- _DIRECTIONS_: With pictures removed, the data below should be returned exactly.

- _AVAILABLE DATA_:
+--
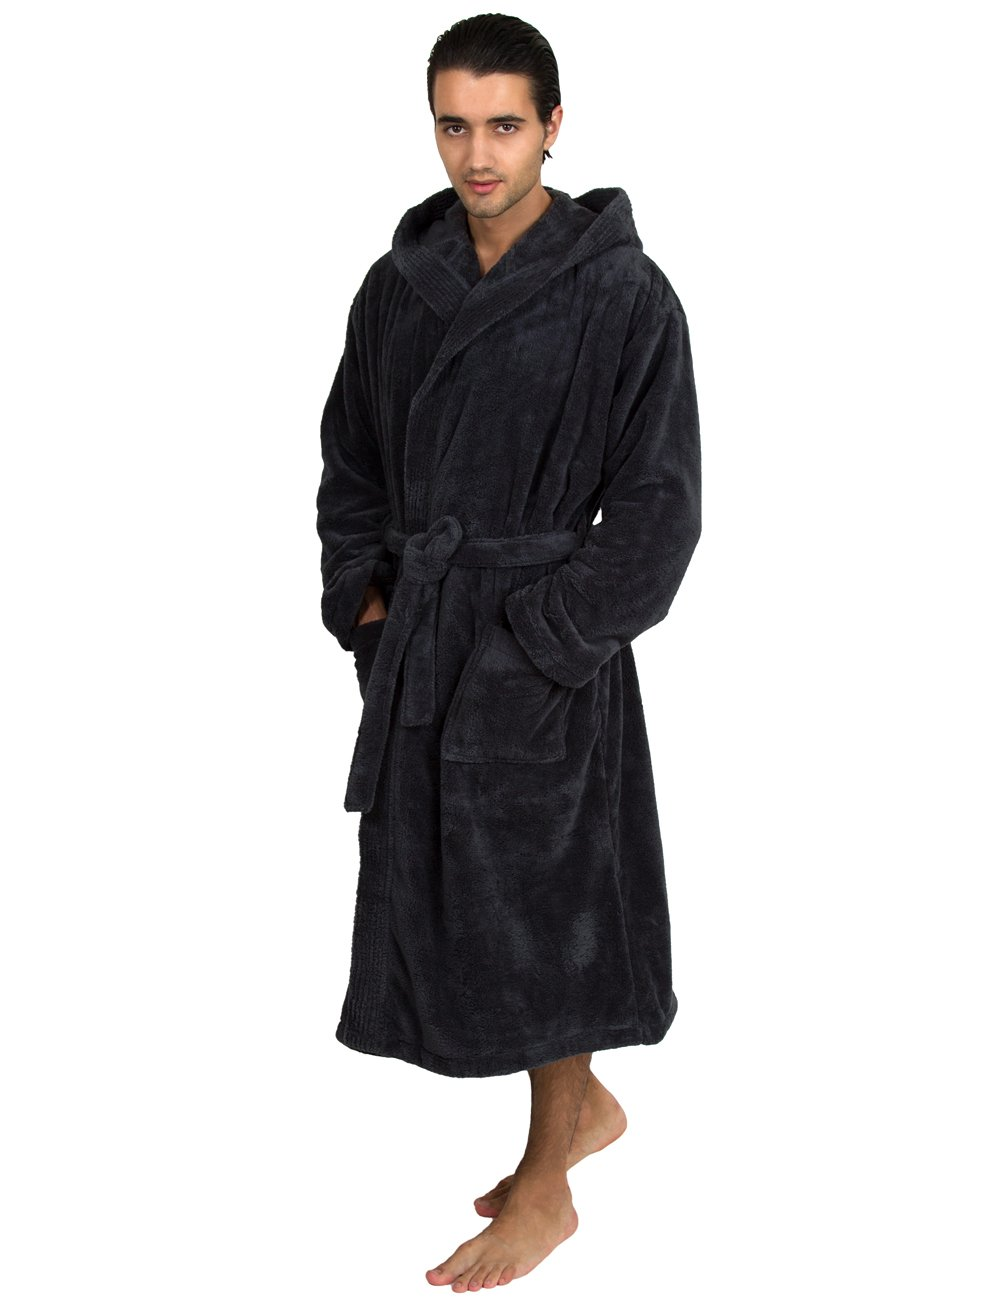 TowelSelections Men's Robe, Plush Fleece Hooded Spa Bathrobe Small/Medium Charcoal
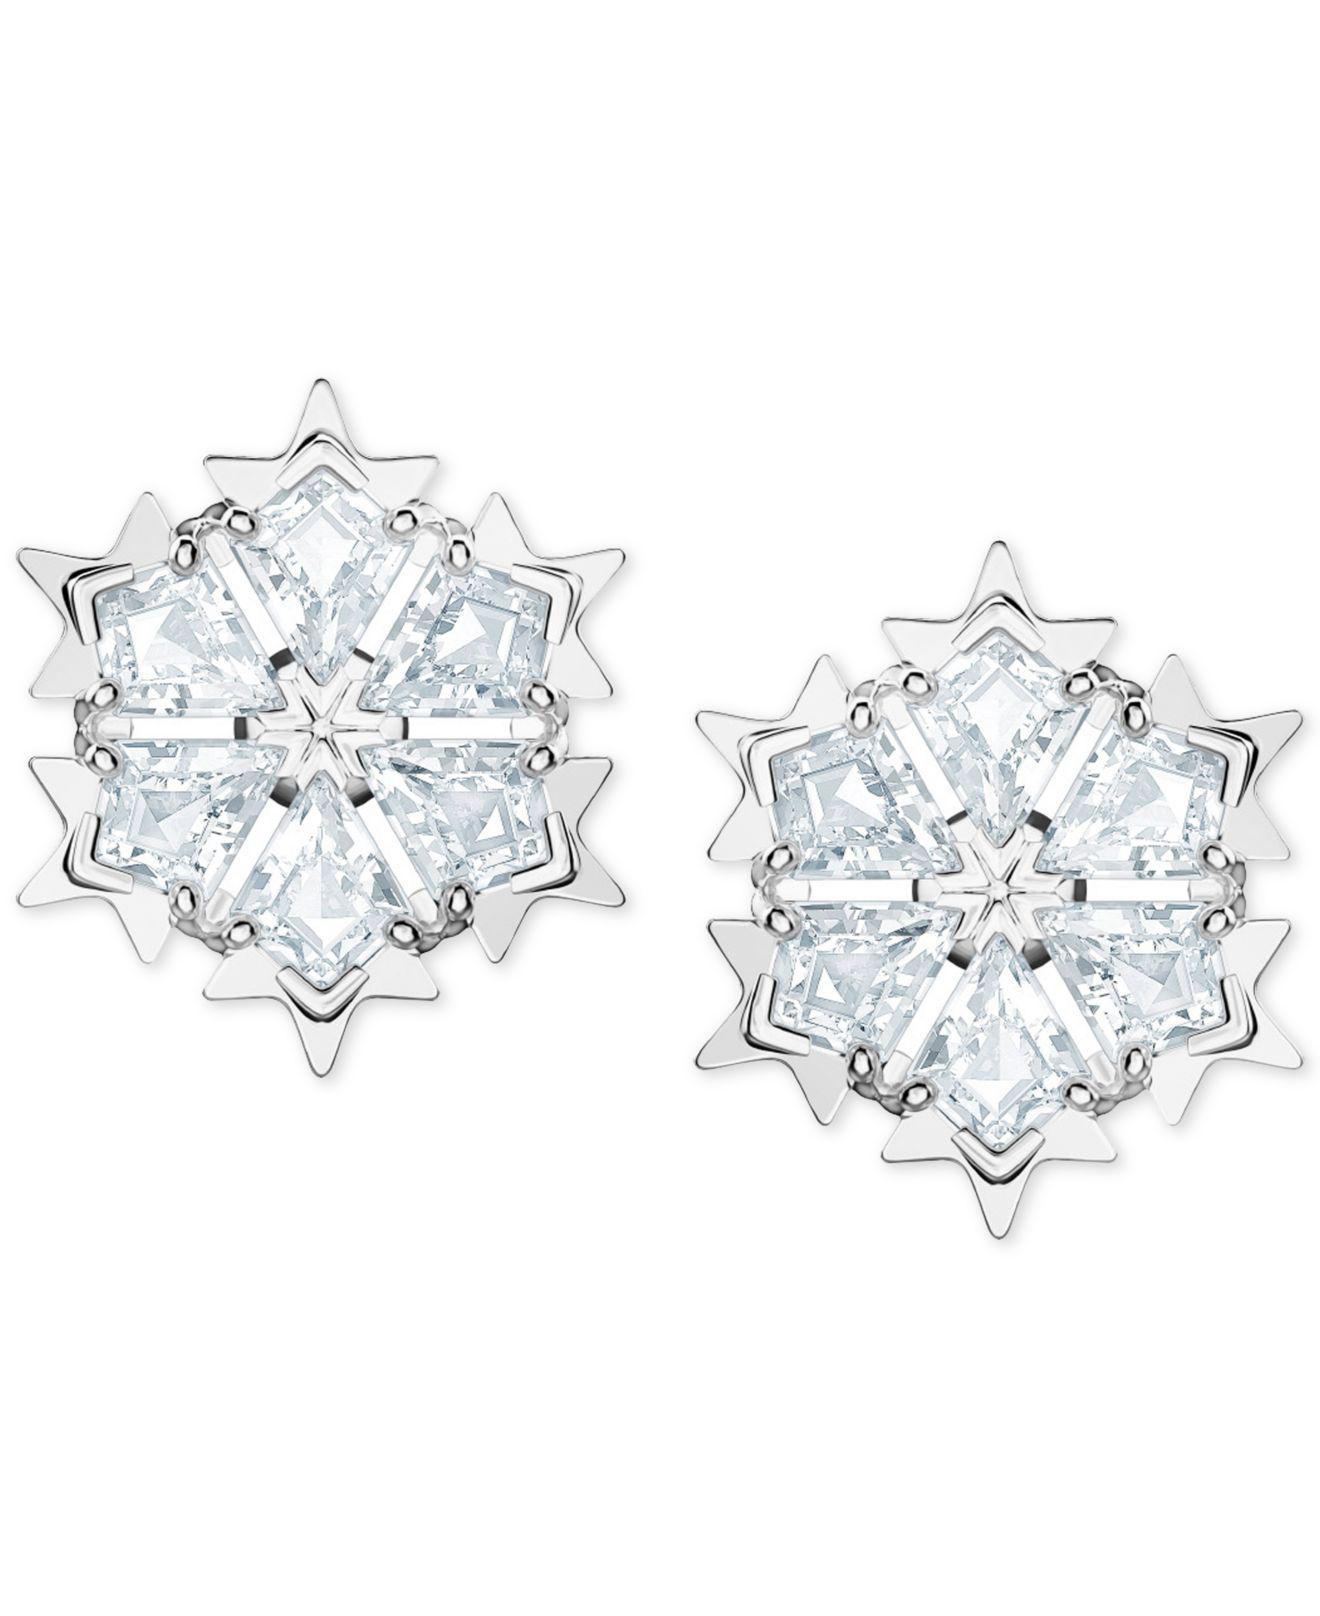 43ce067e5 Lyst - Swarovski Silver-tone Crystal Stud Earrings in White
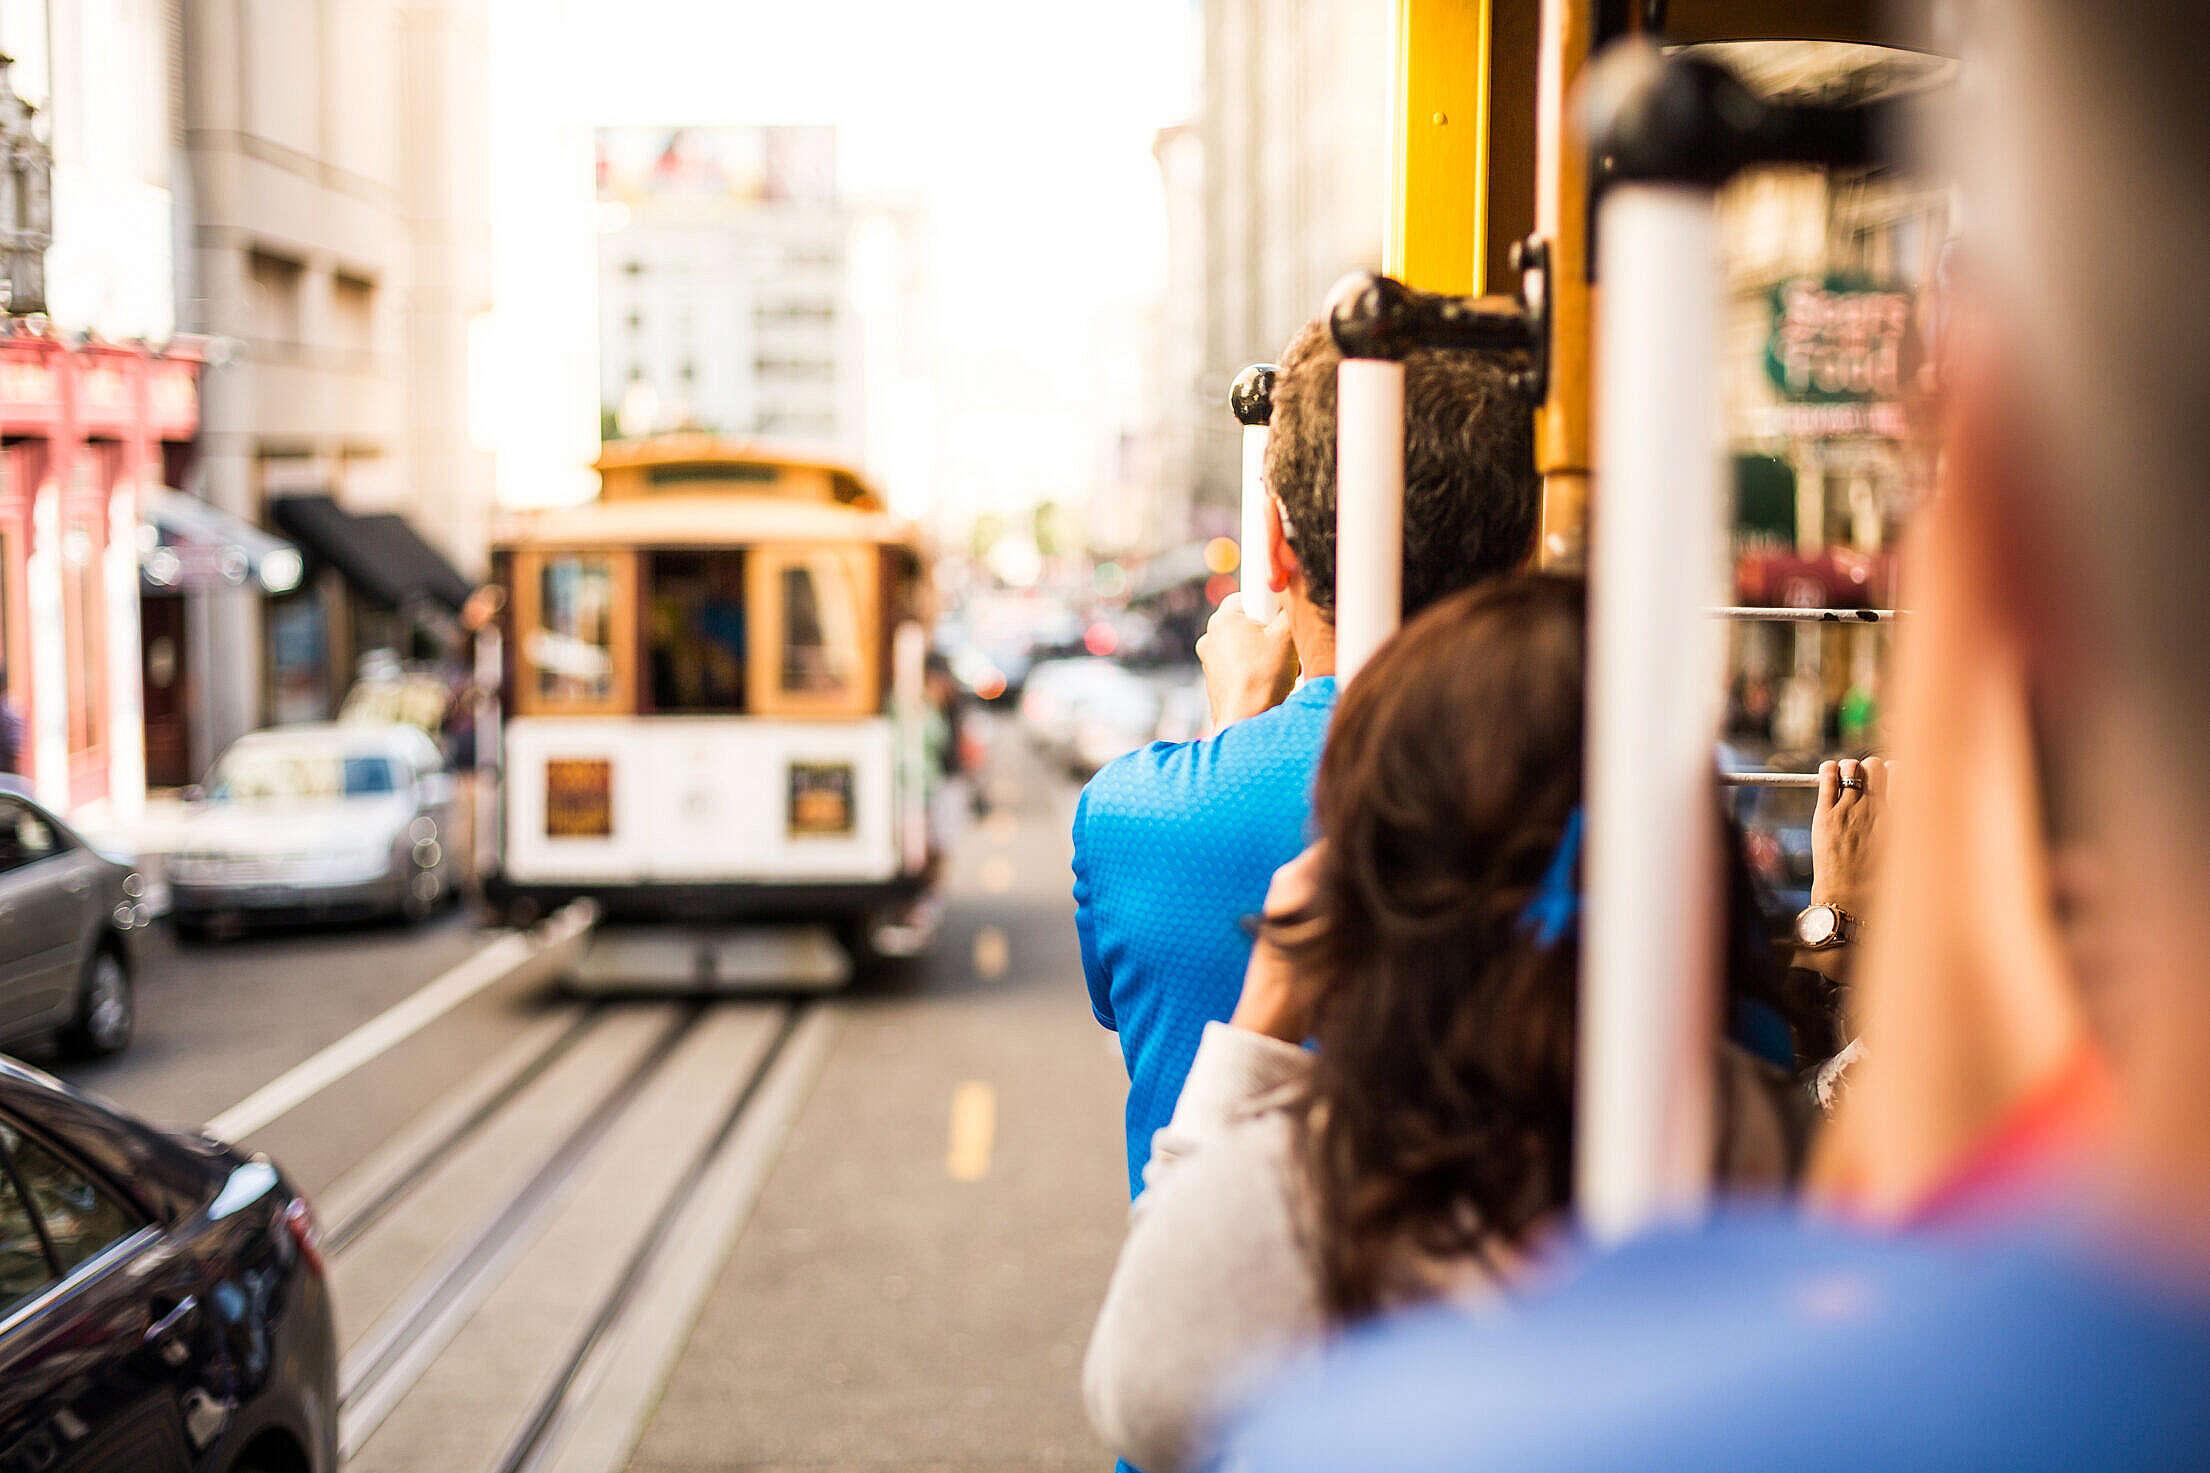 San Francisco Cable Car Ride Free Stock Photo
+--
- _FINAL ANSWER_:
 TowelSelections Men's Robe, Plush Fleece Hooded Spa Bathrobe Small/Medium Charcoal
 43ce067e5 Lyst - Swarovski Silver-tone Crystal Stud Earrings in White
 San Francisco Cable Car Ride Free Stock Photo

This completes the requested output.